4. Metode empiris dalam hal melakukan perumusan hukum sangat penting untuk
dilakukan. Metode ini dipakai untuk menemukan pengertian yang sesungguhnya tentang hukum
yang terjadi dalam masyarakat. Kata empiris sendiri, Artinya suatu keadaan yang bergantung
pada bukti atau konsekuensi yang teramati oleh indera. menekankan peranan pengalaman dalam
memperoleh pengetahuan dan mengecilkan peranan akal. Istilah empirisme di ambil dari bahasa
Yunani empeiria yang berarti coba-coba atau pengalaman. Sebagai suatu doktrin empirisme
adalah lawan dari rasionalisme. Empirisme berpendapat bahwa pengetahuan tentang kebenaran
yang sempurna tidak diperoleh melalui akal, melainkan di peroleh atau bersumber dari panca
indera manusia, yaitu mata, lidah, telinga, kulit dan hidung. Dengan kata lain, kebenaran adalah
sesuatu yang sesuai dengan pengalaman manusia.
5. Penerapan aliran utility dalam kehidupan masyarakat sangat perlu untuk terus ditingkatkan.

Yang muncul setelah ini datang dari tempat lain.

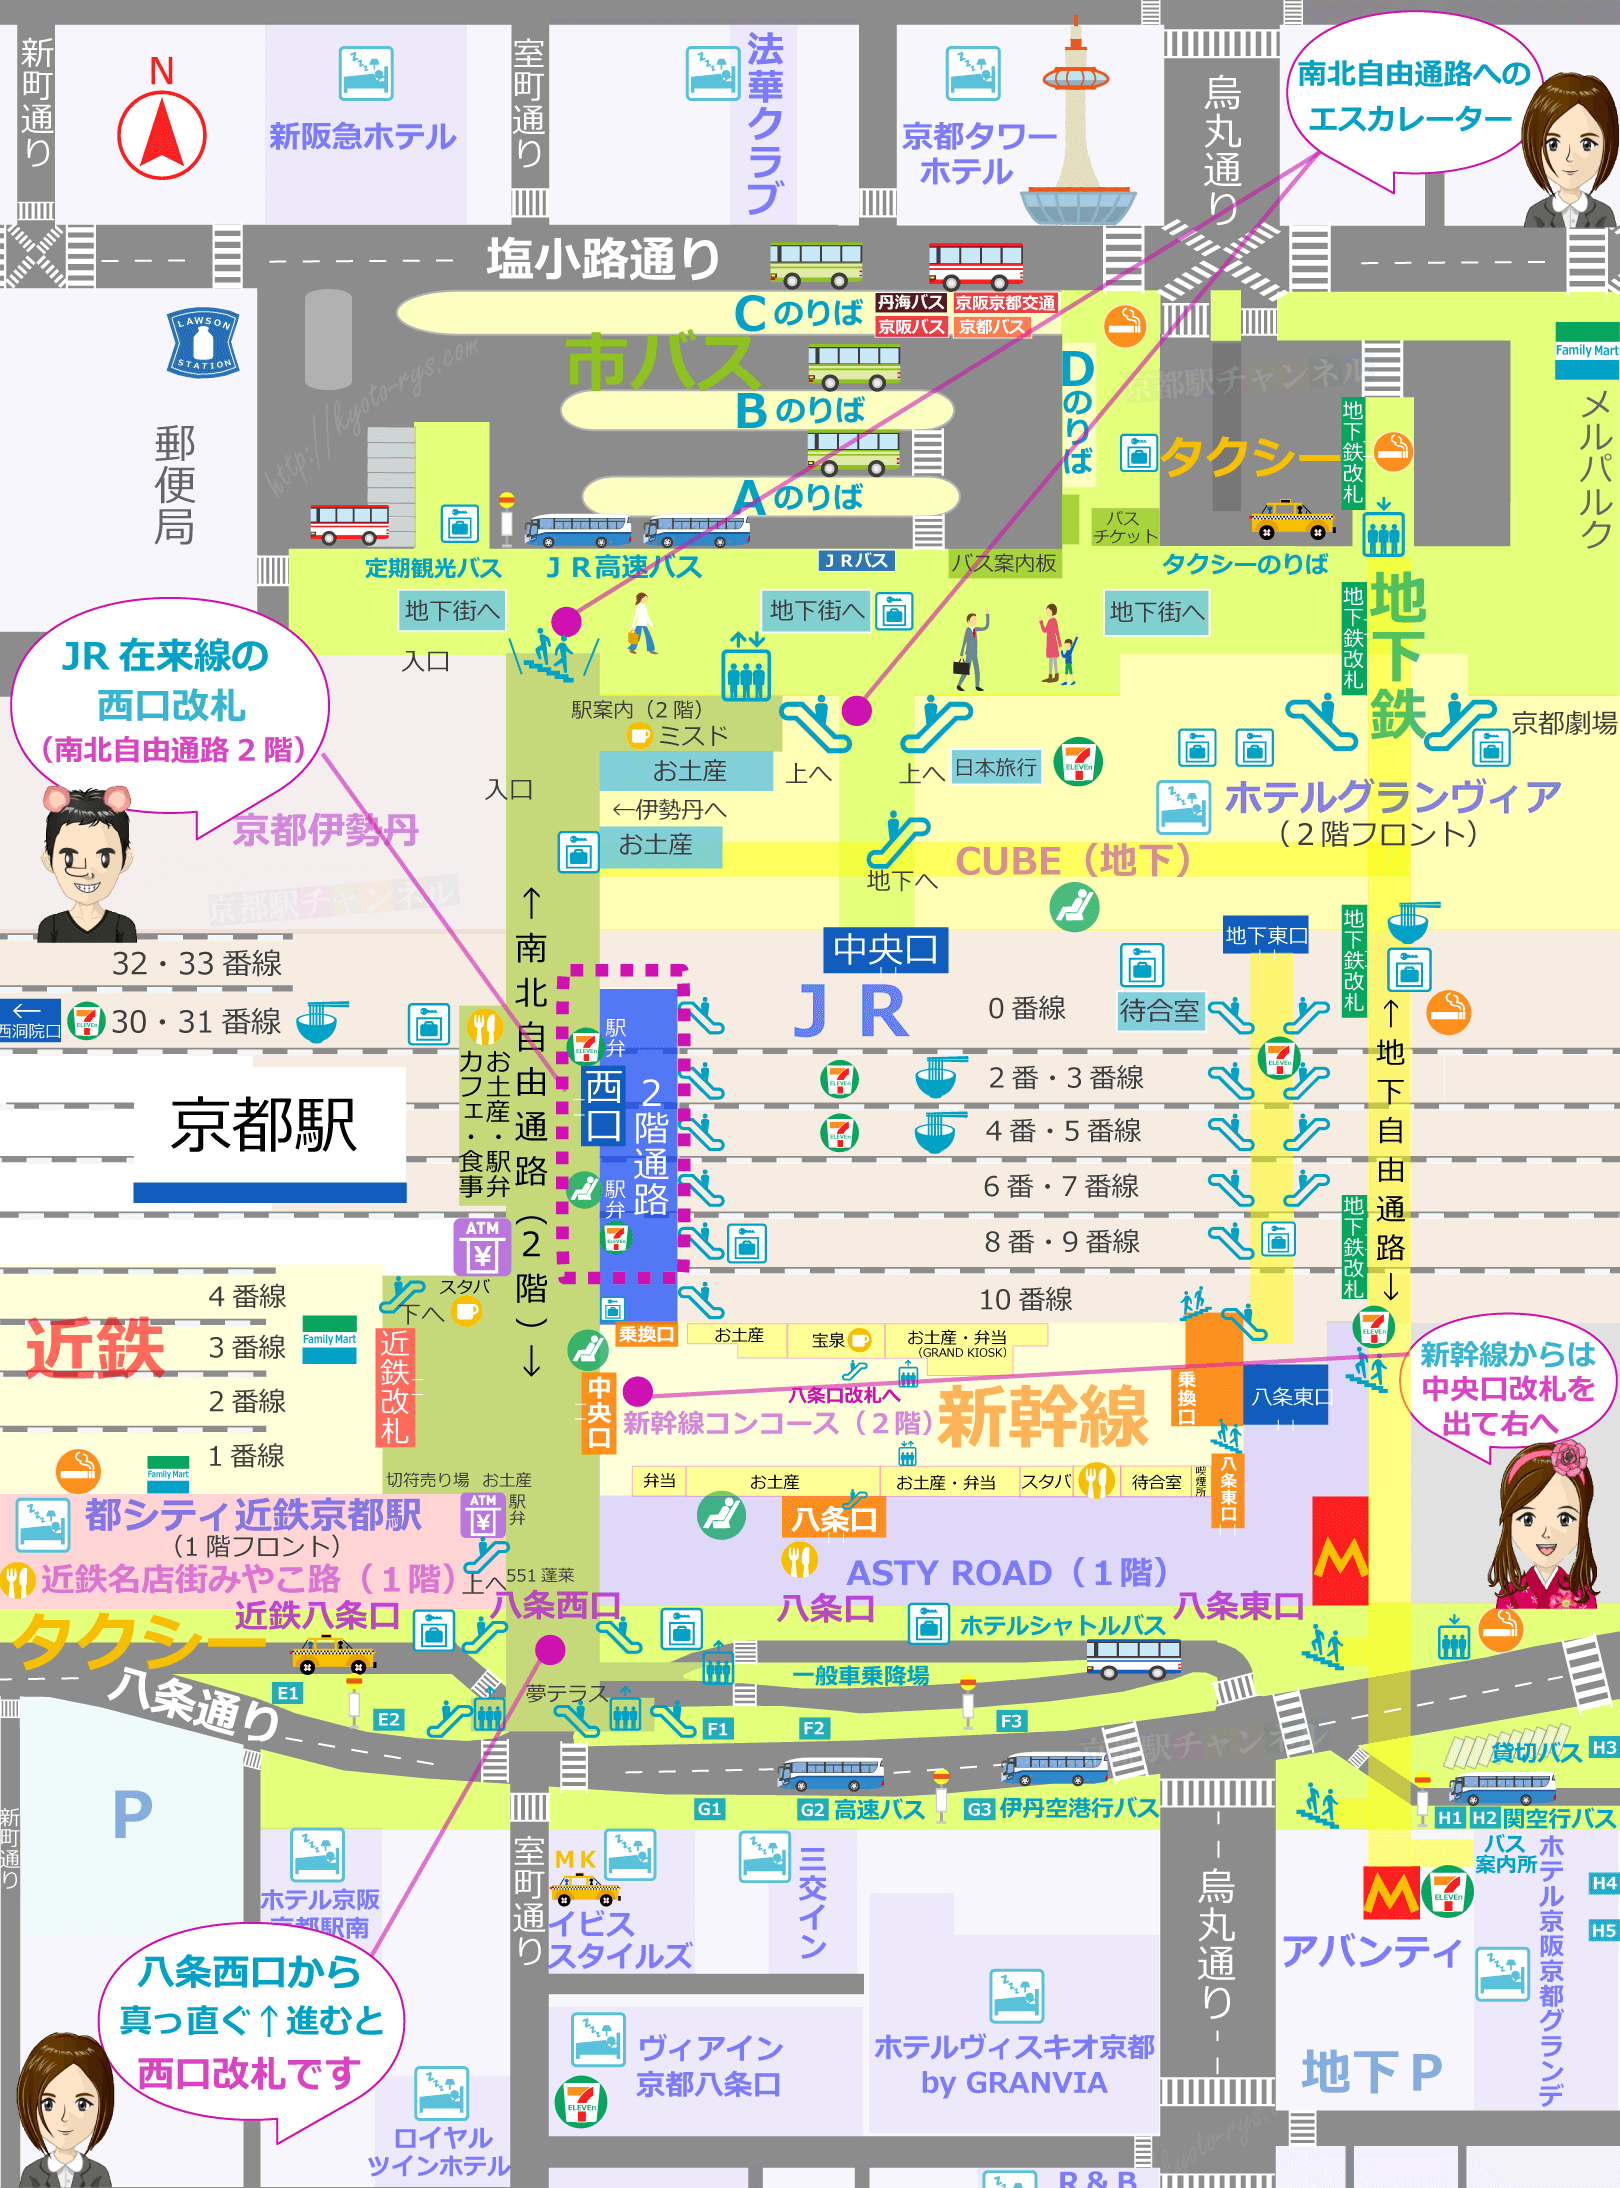 京都駅の構内図と周辺マップ

Aliran utility ini pertama kali dikemukakan oleh Jeremy Betham pada tahun 1784-1832. Dalam
aliran ini, ia menjelaskan bahwa hukum itu harus mampu memberikan manfaat yang sangat
banyak untuk seluruh lapisan masyarakat. Jadi, hukum itu tidak boleh hanya mengatur
kepentingan perorangan melainkan harus dirasakan manfaatnya oleh banyak orang. Pun juga,
dalam teorinya berprinsip bahwa manusia bertindak adalah untuk memperbanyak kebahagiaan
dan mengurangi penderitaan. Ukuran baik buruknya tindakan bergantung pada apakah tindakan
tersebut dapat mendatangkan kebahagiaan atau tidak. Setiap kejahatan harus dipidanakan
setimpal dengan tindakan jahat tersebut dan sanksinya tidak boleh melebihi dari apa yang
diperlukan untuk mencegah kejahatan.